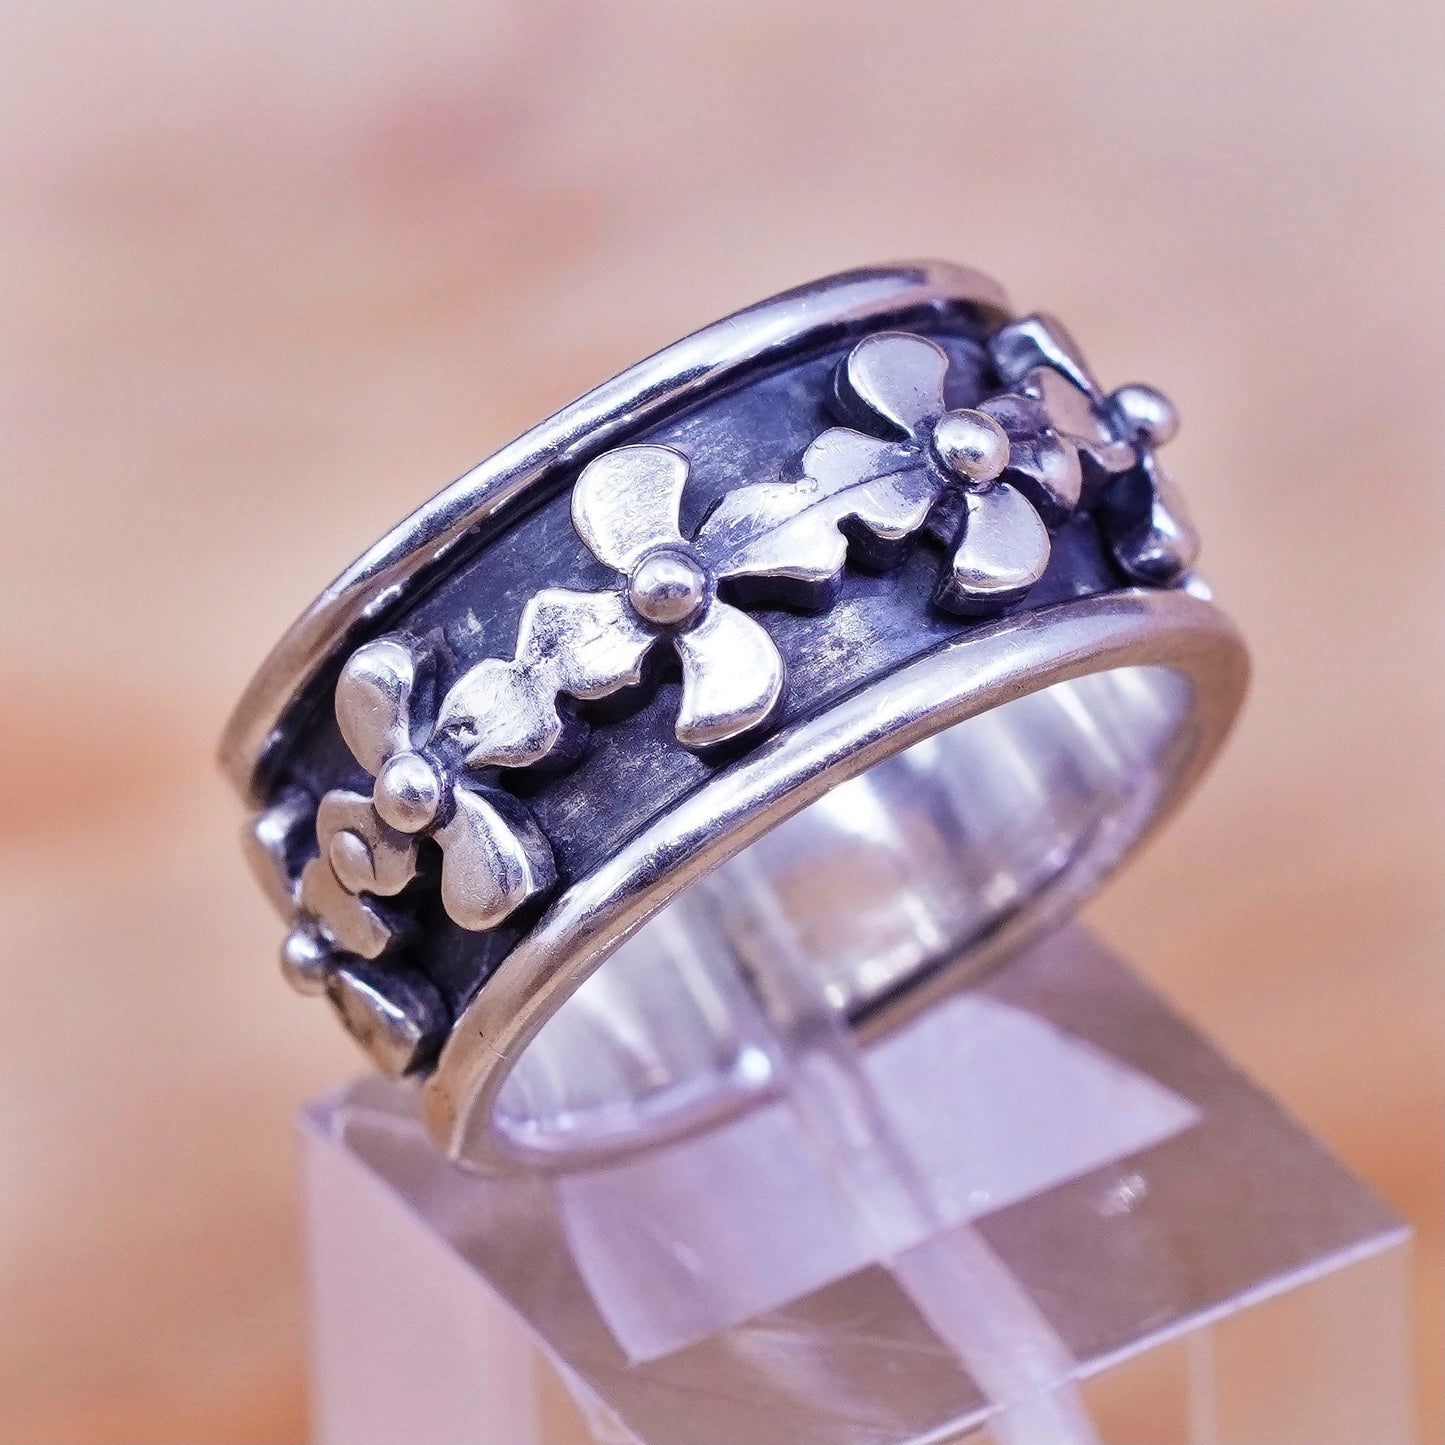 Size 6.5, vintage Sterling silver prayer ring, 925 spinner flower band
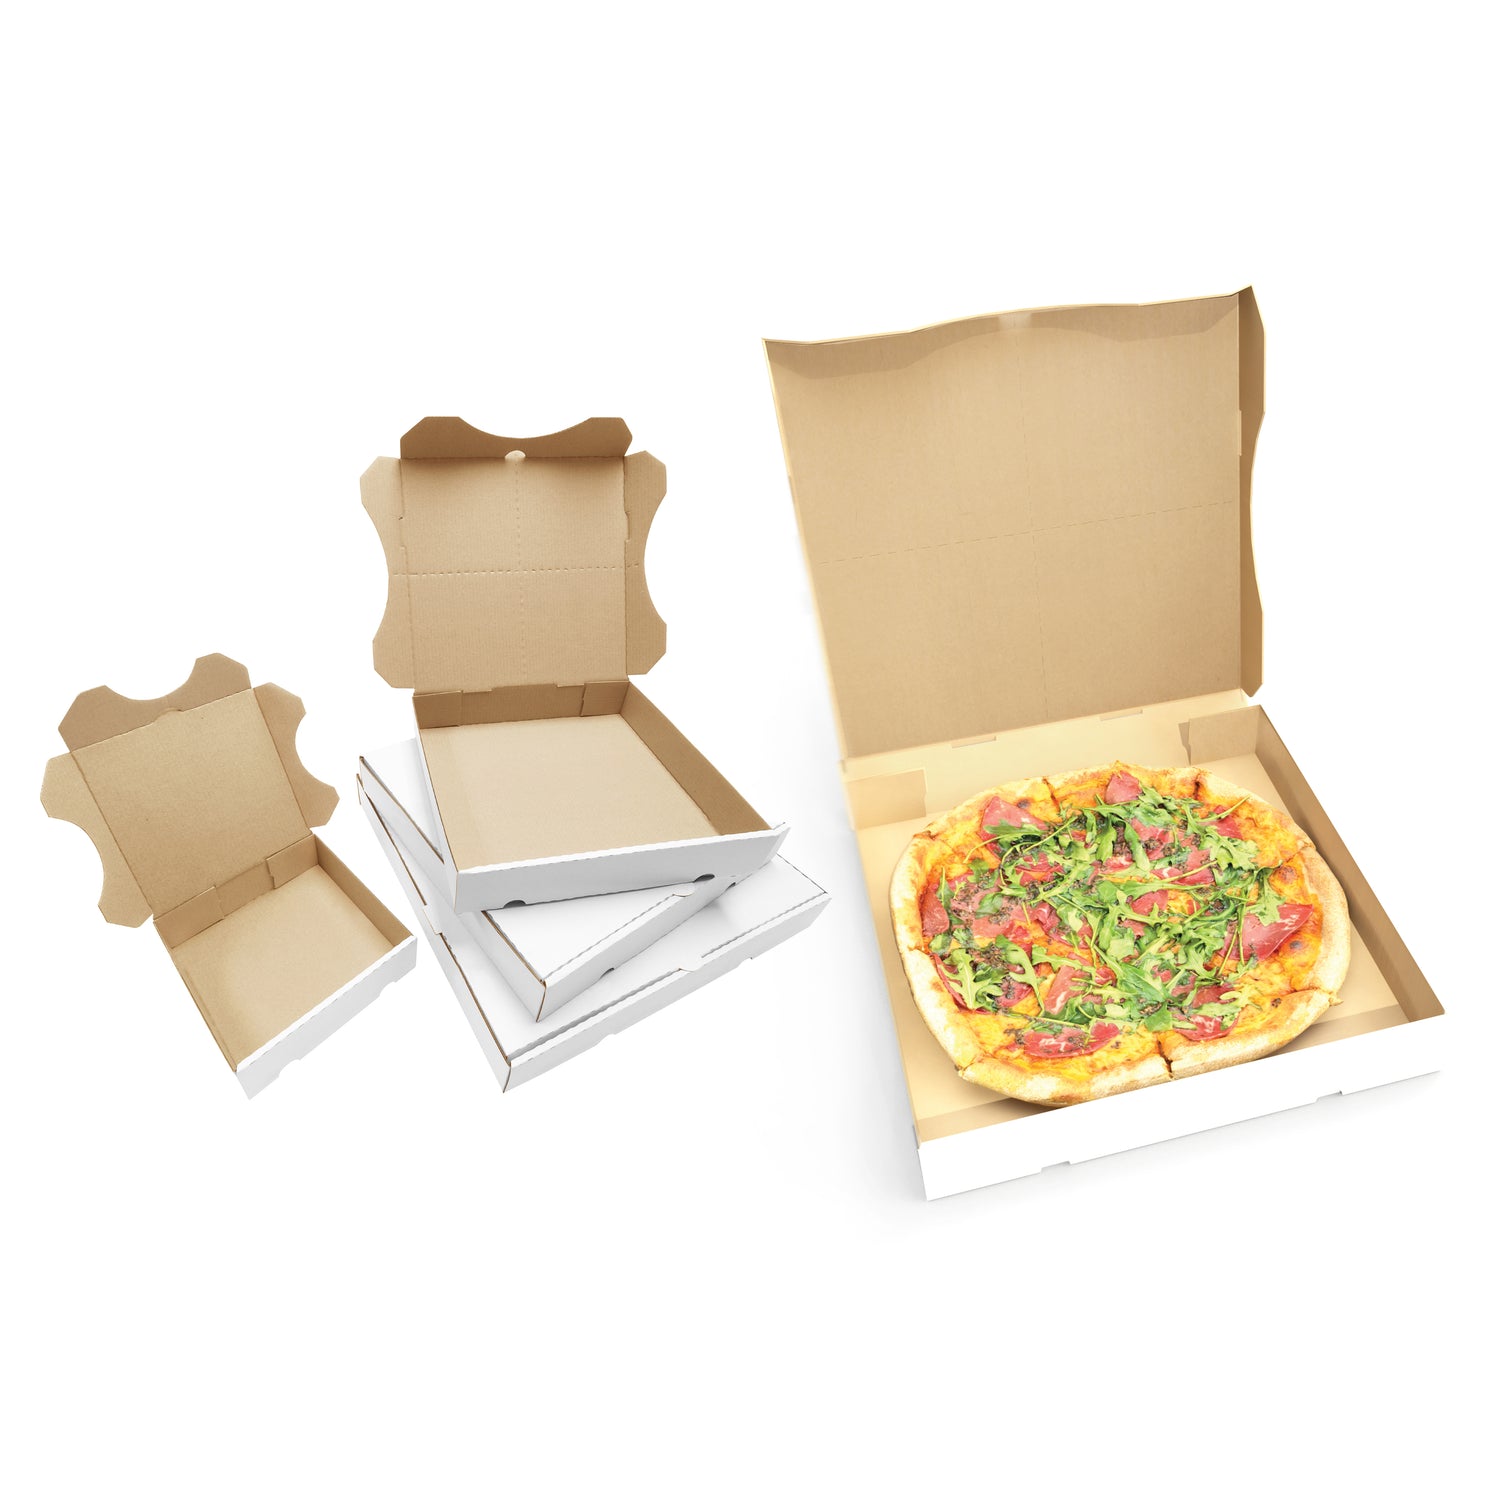 Pizza Box 薄餅盒(比薩盒) 50個pcs
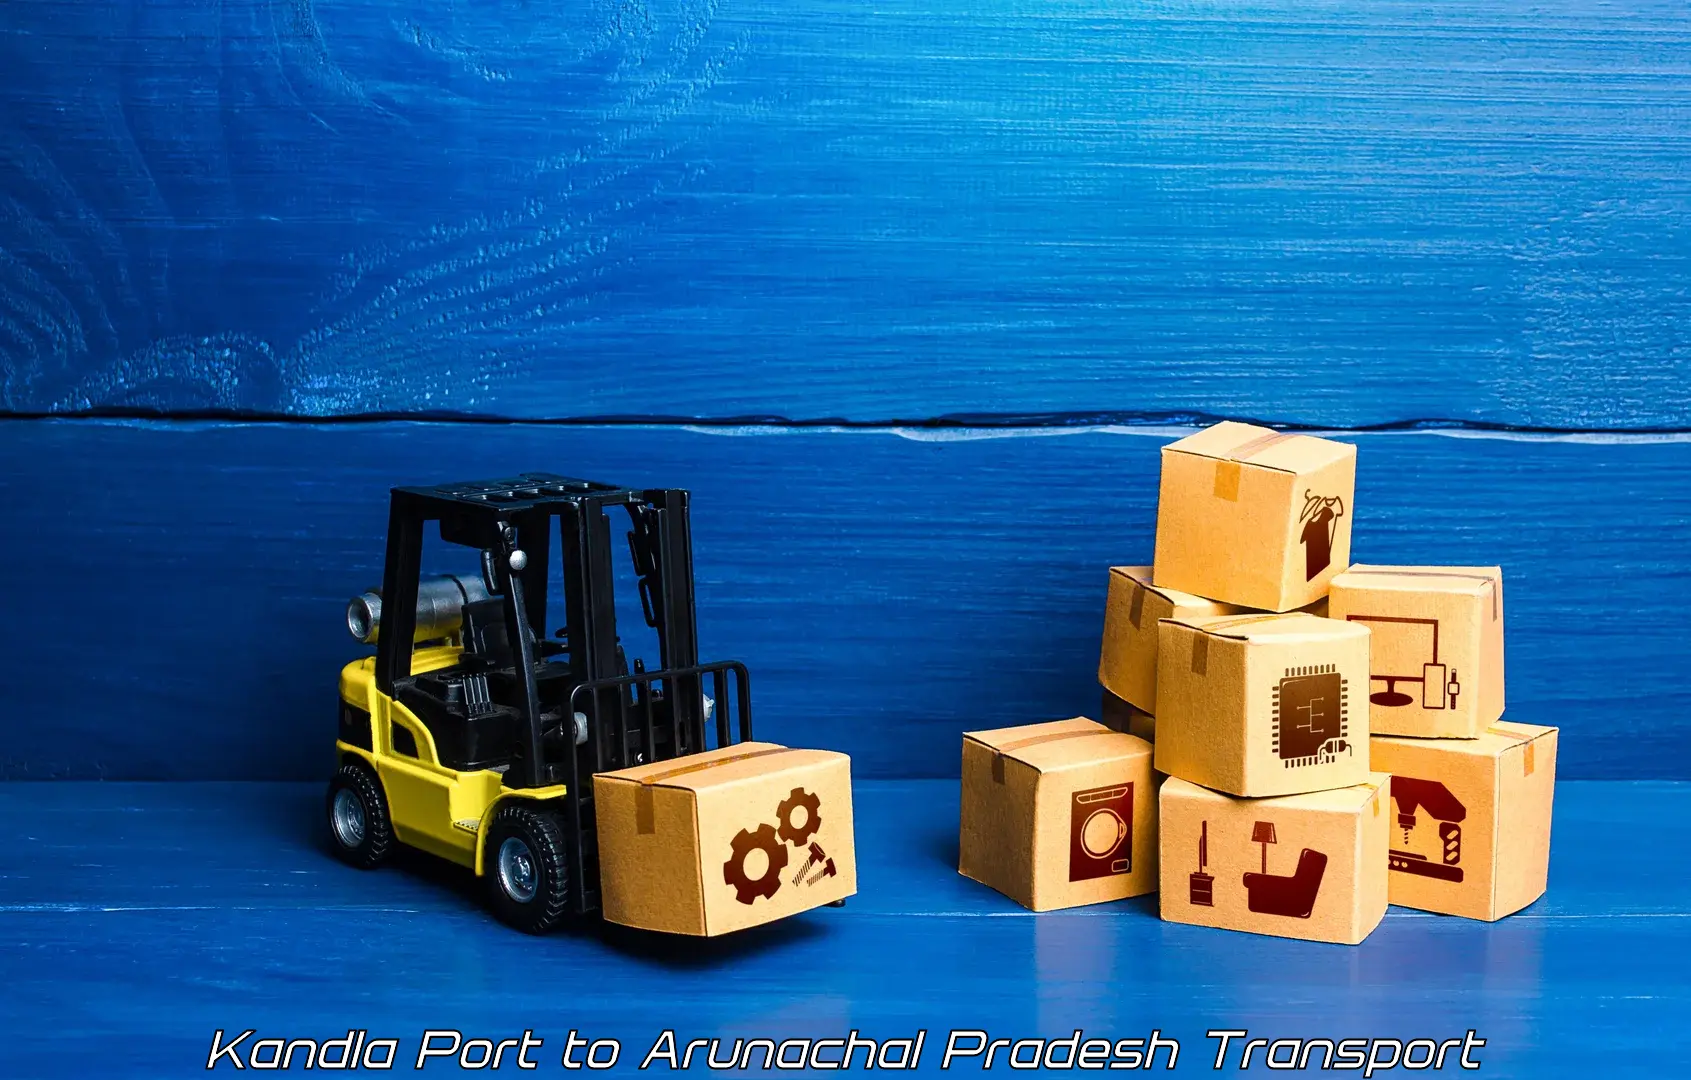 Domestic goods transportation services Kandla Port to Arunachal Pradesh

- - - -

(Brief):
Every line of the data above is to be repeated exactly; the images are to be left out.

(Written reply):
 Size 6.5, vintage Sterling silver prayer ring, 925 spinner flower band
 Pizza Box 薄餅盒(比薩盒) 50個pcs
 Domestic goods transportation services Kandla Port to Arunachal Pradesh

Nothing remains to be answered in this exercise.